Anna awoke at half past six like she did every morning and began to get ready for work. After washing she put on her make-up and did her hair. She decided to dry her hair and leave it down. Anna looked up at the clock.
Great, she thought, I’m doing well for time. Anna made her way downstairs to make some breakfast and sort out her handbag. Anna was a hairdresser at a big salon. She occasionally did manicures too. The salon was big and the walls were a beautiful light pink. The mirrors didn’t have a mark on them at all, each one was gleaming. Anna loved her job and she was very good at it. Anna looked at the clock again and realised she was running late. She quickly finished her toast put on her shoes and jacket and grabbed her bag before running out of the door.


Anna checked her watch, it was ten to eight. She began to panic, what would happen if she was late?
She noticed an old woman walking along the path like any other person but she got a shiver and felt kind of depressed.
The bus suddenly stopped and everyone jerked forward “Thank you” Anna said to the bus driver as she got off.
She began to walk the rest of the way to the salon but she got the feeling someone was watching her she quickly spun round and saw the old woman walking by on the other side of the road.
“Beware!” she shouted as she ran across the road.
“Oh my god! Watch out!” Anna shouted back before the bus hit the woman. Anna screamed and covered her eyes and when she forced herself to look there was a man walking towards her looking concerned.
“Are you okay? You look a bit scared” he said
“No I’m fine but what about her?” she pointed to where the old lady had been hit but no lady, no bus there was just a road. Anna frowned.
“They were just there! Right there!” she was shouting without realising it.
“Look calm down, where were you going?” The man asked
“um….to work, I have to go or else I’ll be late bye!” Then she ran away looking round every now and again.

She arrived at work with seconds to spare, she threw her jacket on the rack and walked over to reception to find her first customer of the day.

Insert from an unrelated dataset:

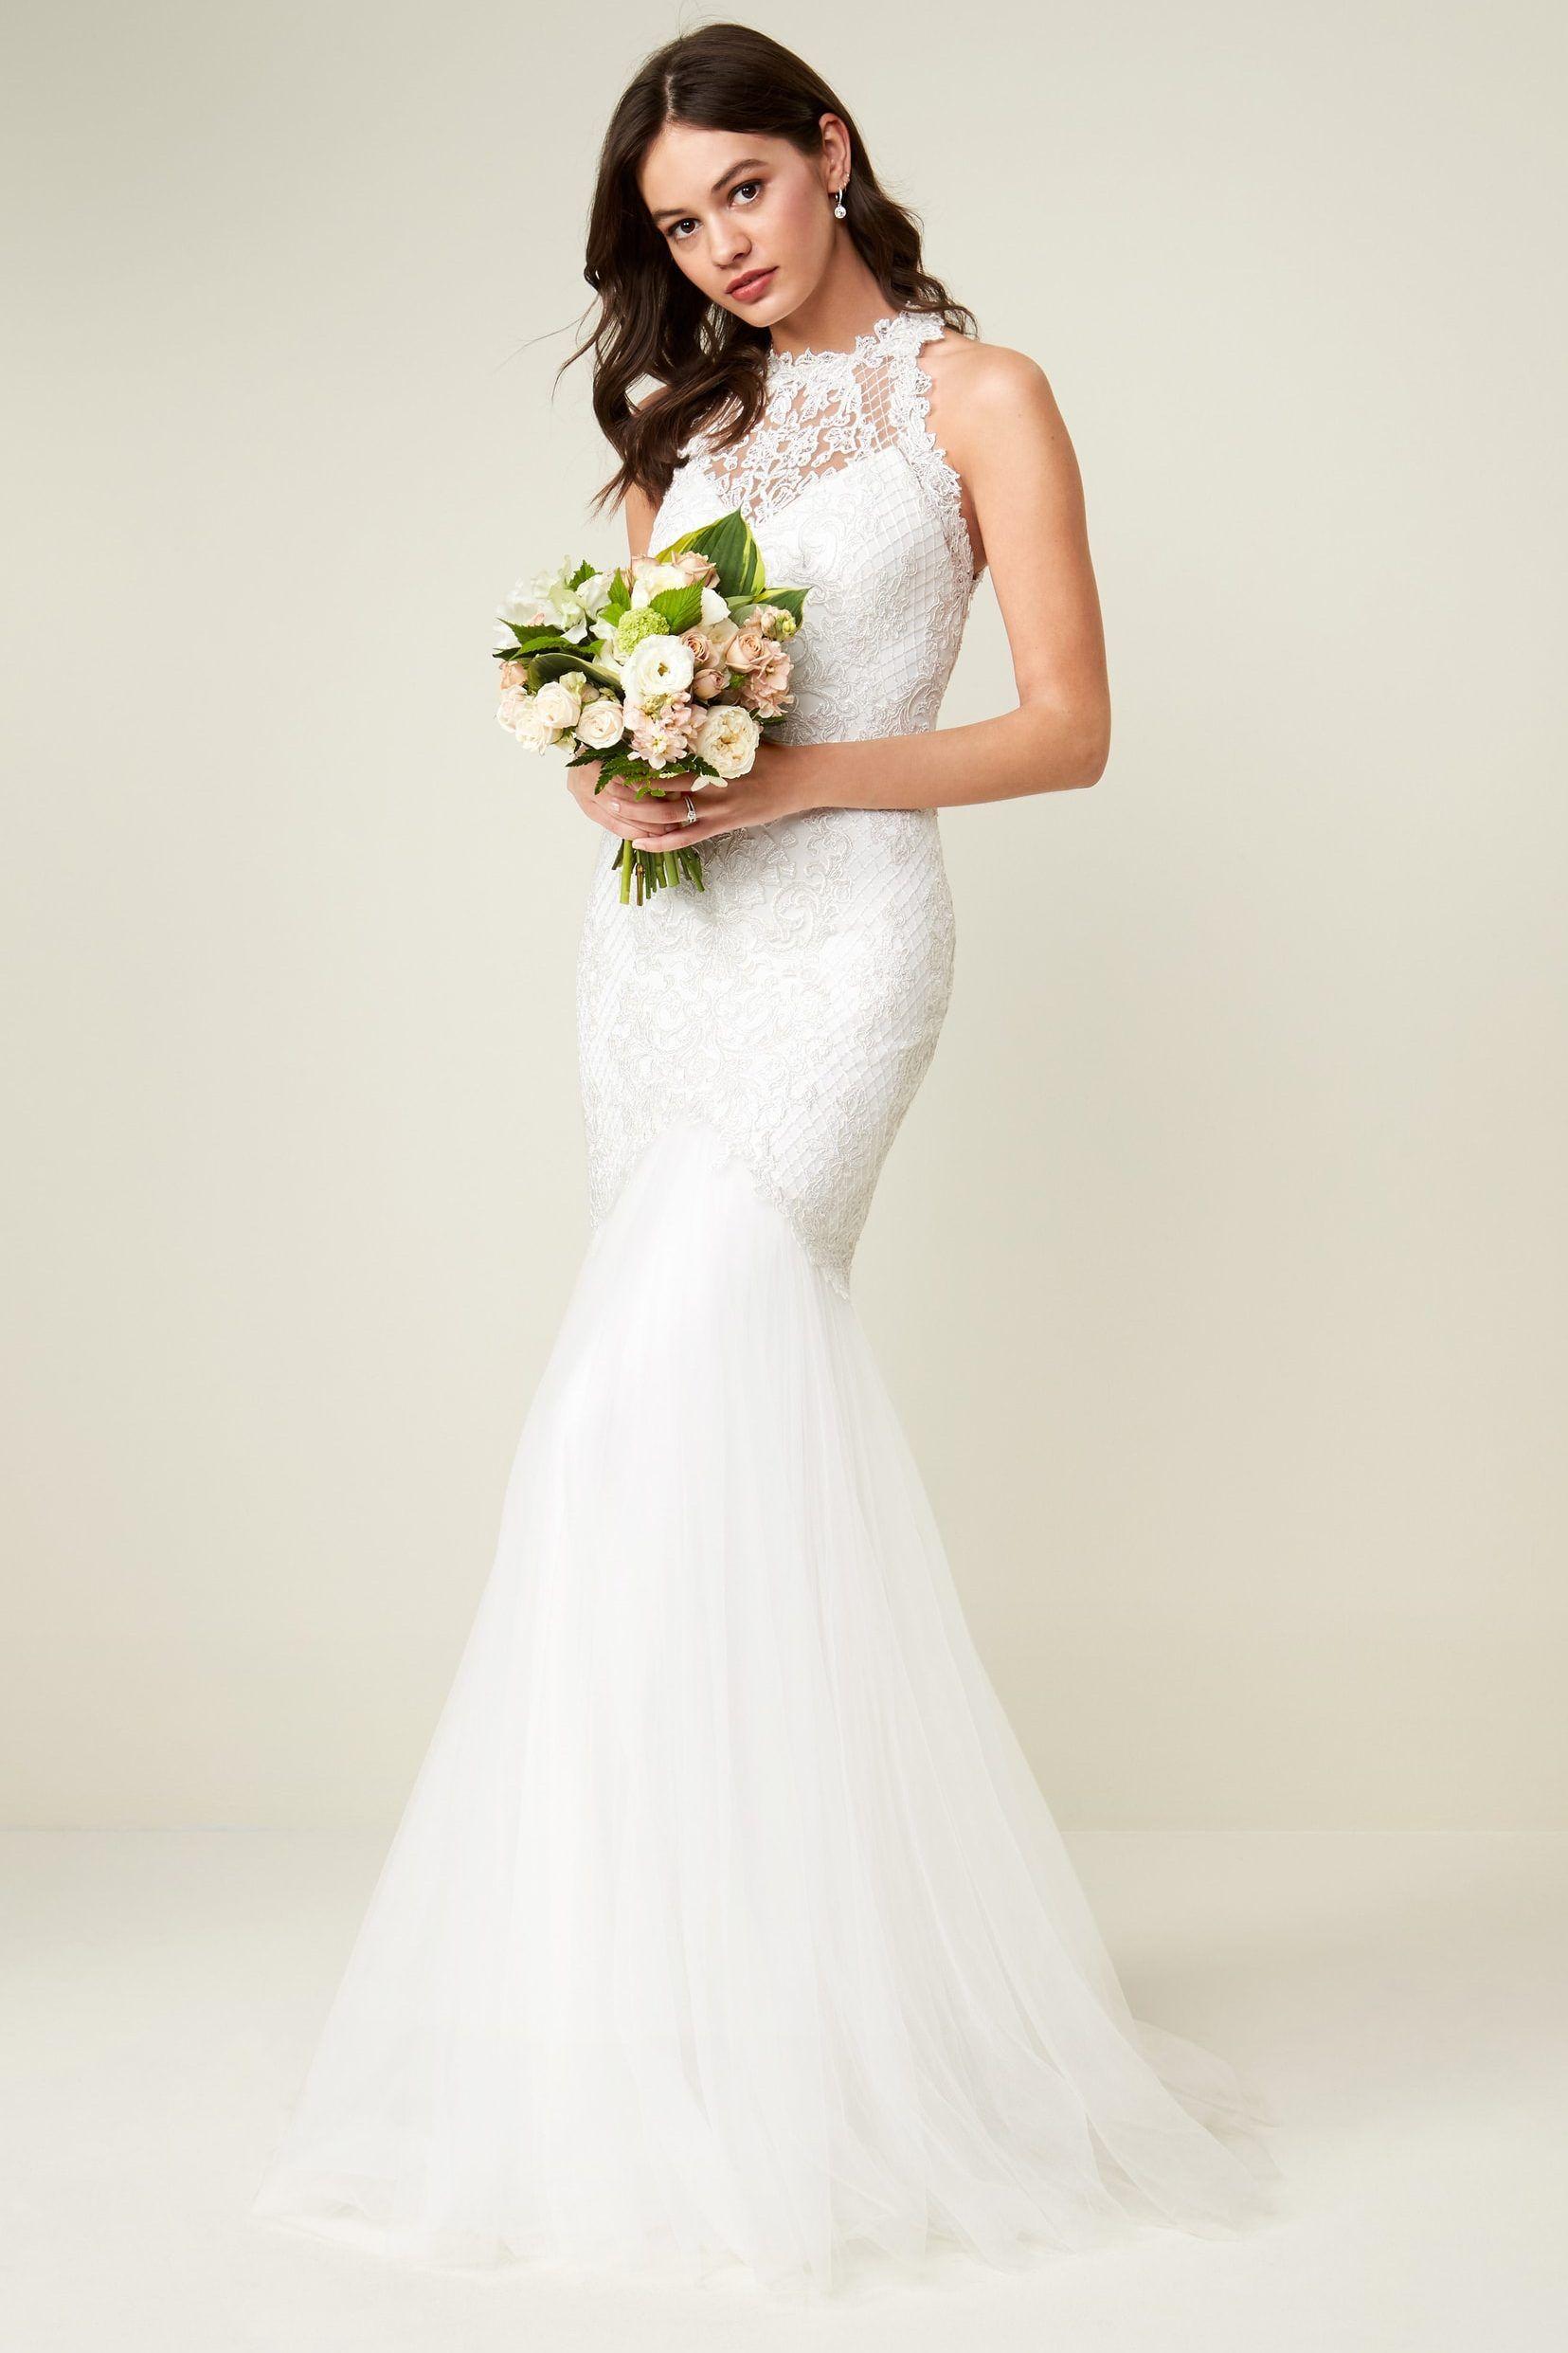 Lace Halter Neck Mermaid Silhouette Wedding Dress Chic Vintage Brides Tadashi Shoji Wedding Dress Ball Gowns Wedding Ivory Wedding Gown [ 2483 x 1655 Pixel ]

She was a woman in her late twenties with long blonde hair that fell completely straight down to her knees.
“Could you cut most of it off then style it however you think is best, Thank you” she stood up and sat herself to a seat before Anna could even say hello. She quickly followed.
“Good morning, how are you today” Anna said with no expression thinking how stupid those dialogue cards were, the dialogue cards had set phrases on them which every employee was meant to use for every customer.
“Fine thank you and I’ll be better if you get this right” The woman replied sharply
“Ok, I’m Anna, you are….” She said waiting for an answer but when the woman didn’t reply she decided to just get on with her job.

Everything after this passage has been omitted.